■ **WHAT IS NEEDED**:
From the entries below, reproduce exactly the line containing "10 CENTS 1970", the line containing "ADIDAS XS Duffel Bag - Black/White", and every line in between, with nothing added.

■ **MATERIAL PROVIDED**:

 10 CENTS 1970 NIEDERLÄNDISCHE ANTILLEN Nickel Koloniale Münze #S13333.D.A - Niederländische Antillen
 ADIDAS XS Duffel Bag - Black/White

* * *

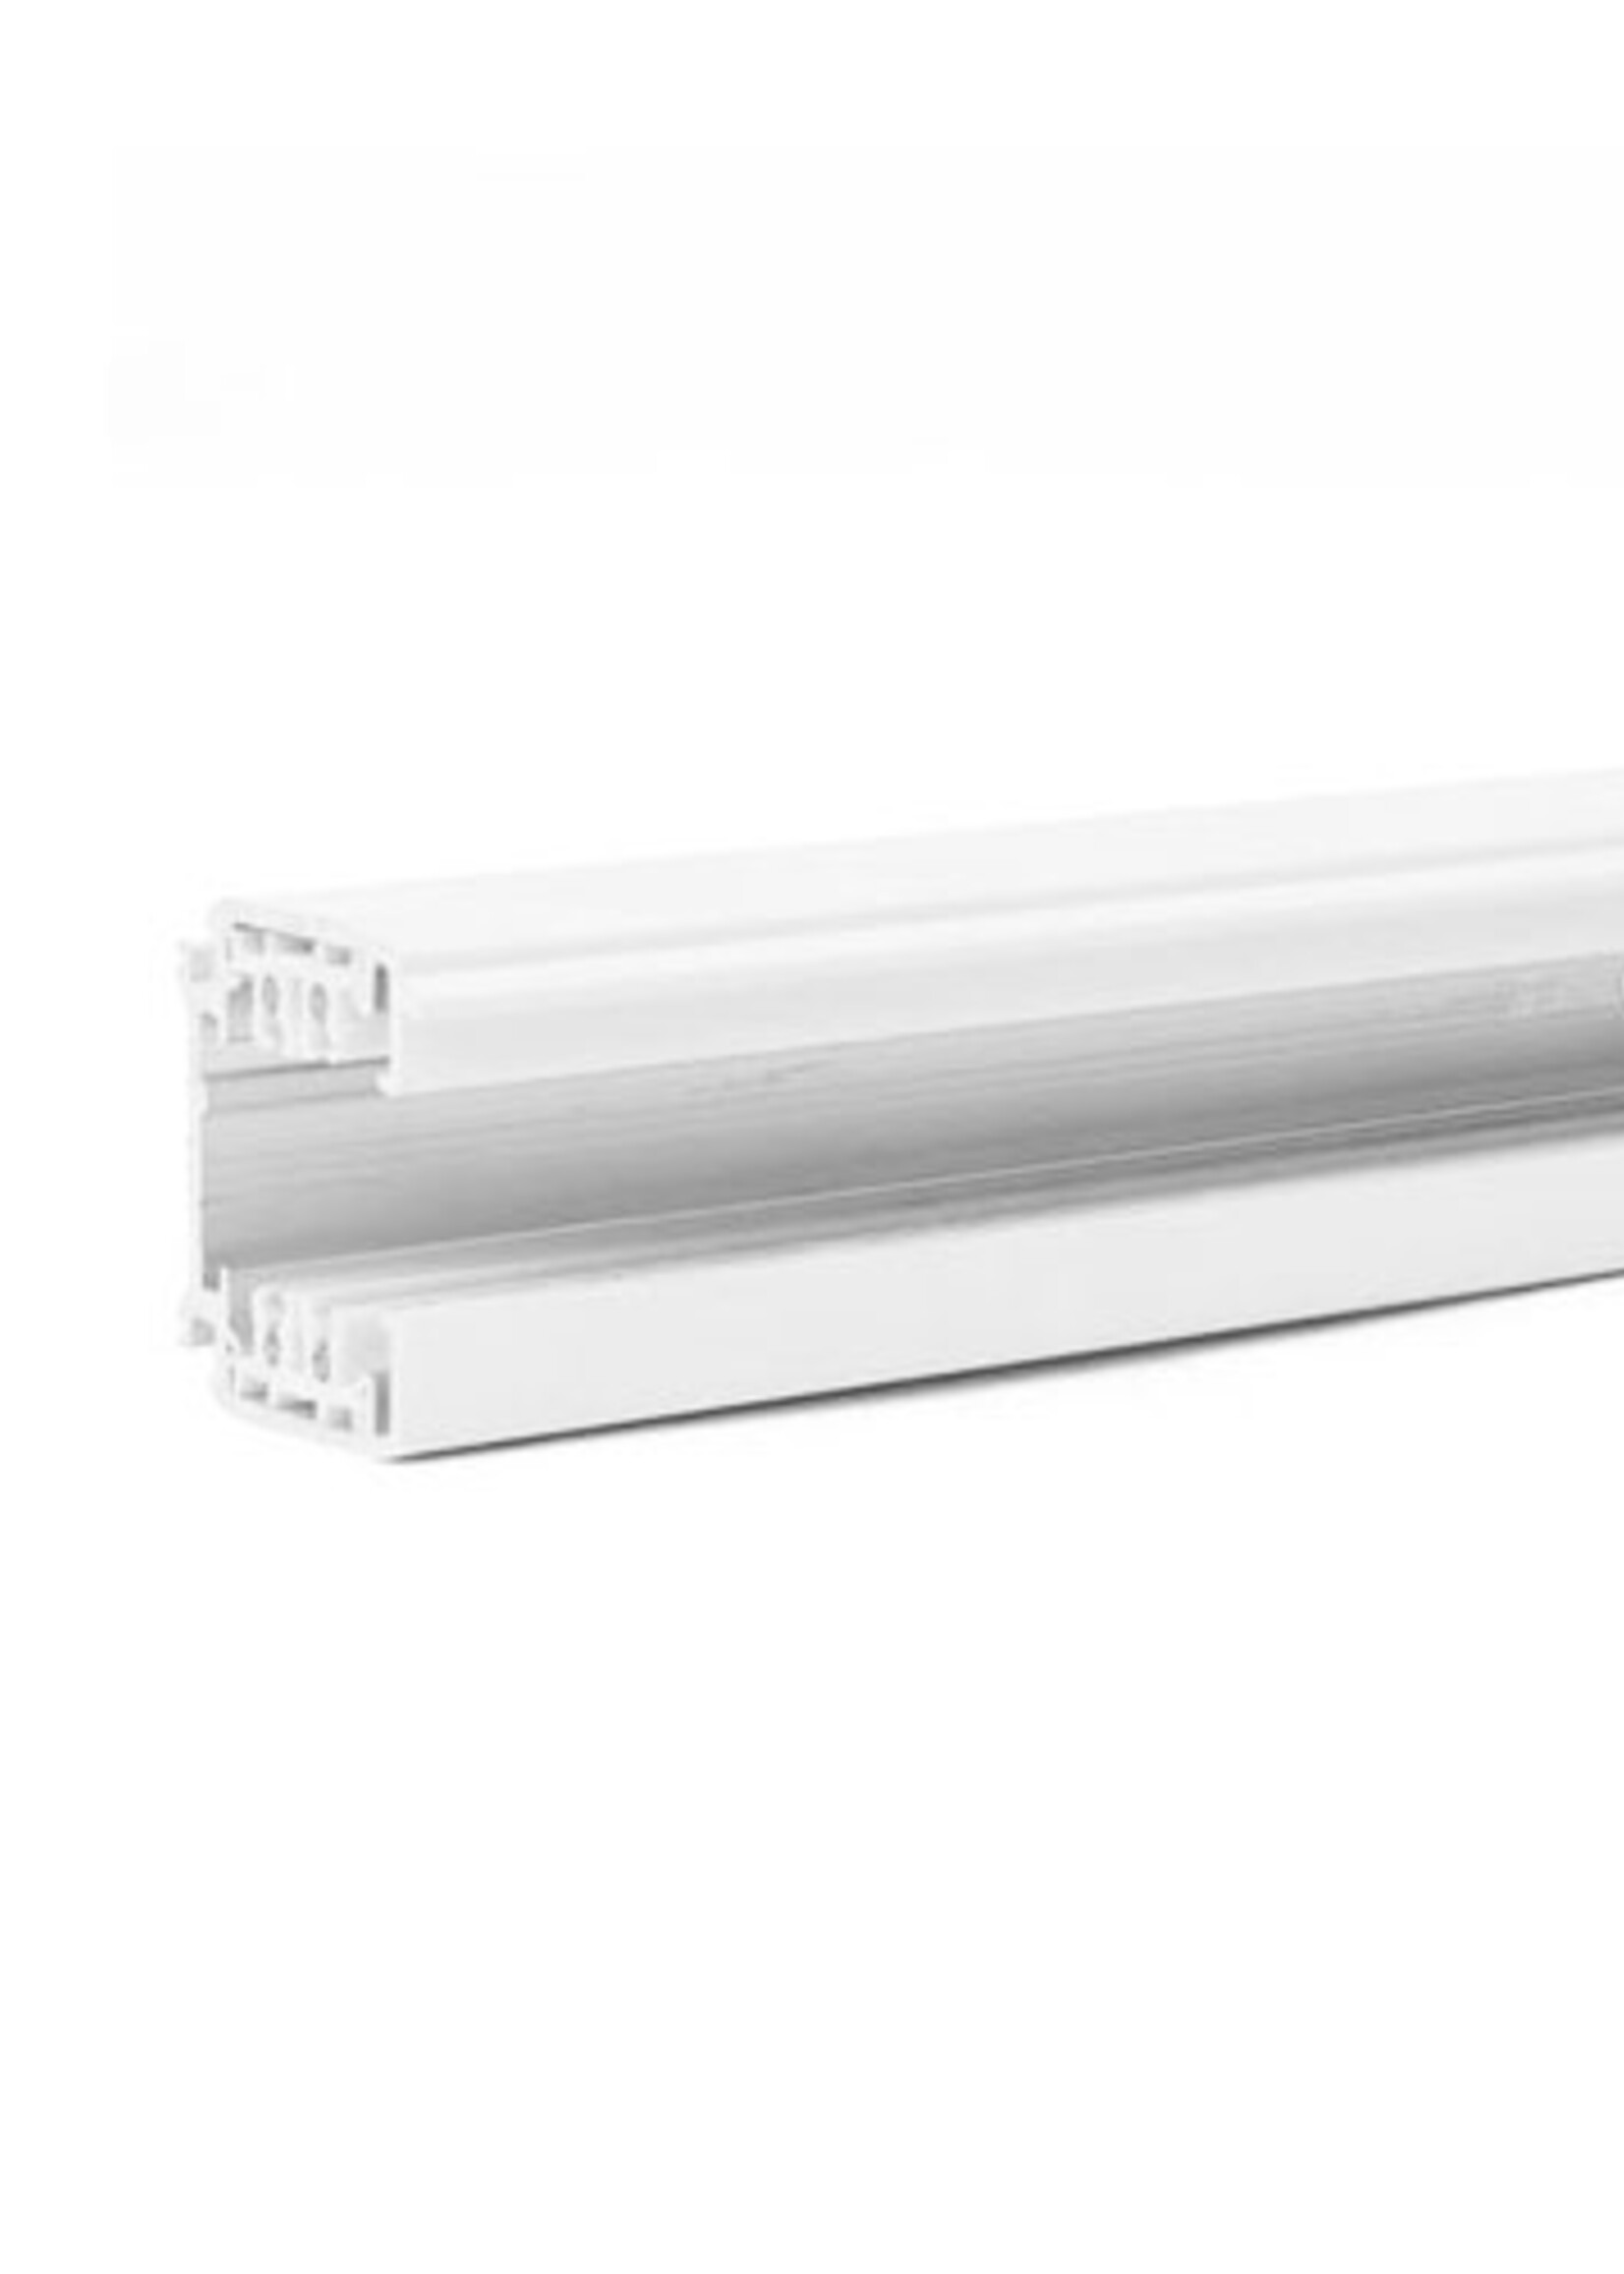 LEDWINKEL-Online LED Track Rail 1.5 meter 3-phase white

■ **ANSWER FOR THE TASK**:
 10 CENTS 1970 NIEDERLÄNDISCHE ANTILLEN Nickel Koloniale Münze #S13333.D.A - Niederländische Antillen
 ADIDAS XS Duffel Bag - Black/White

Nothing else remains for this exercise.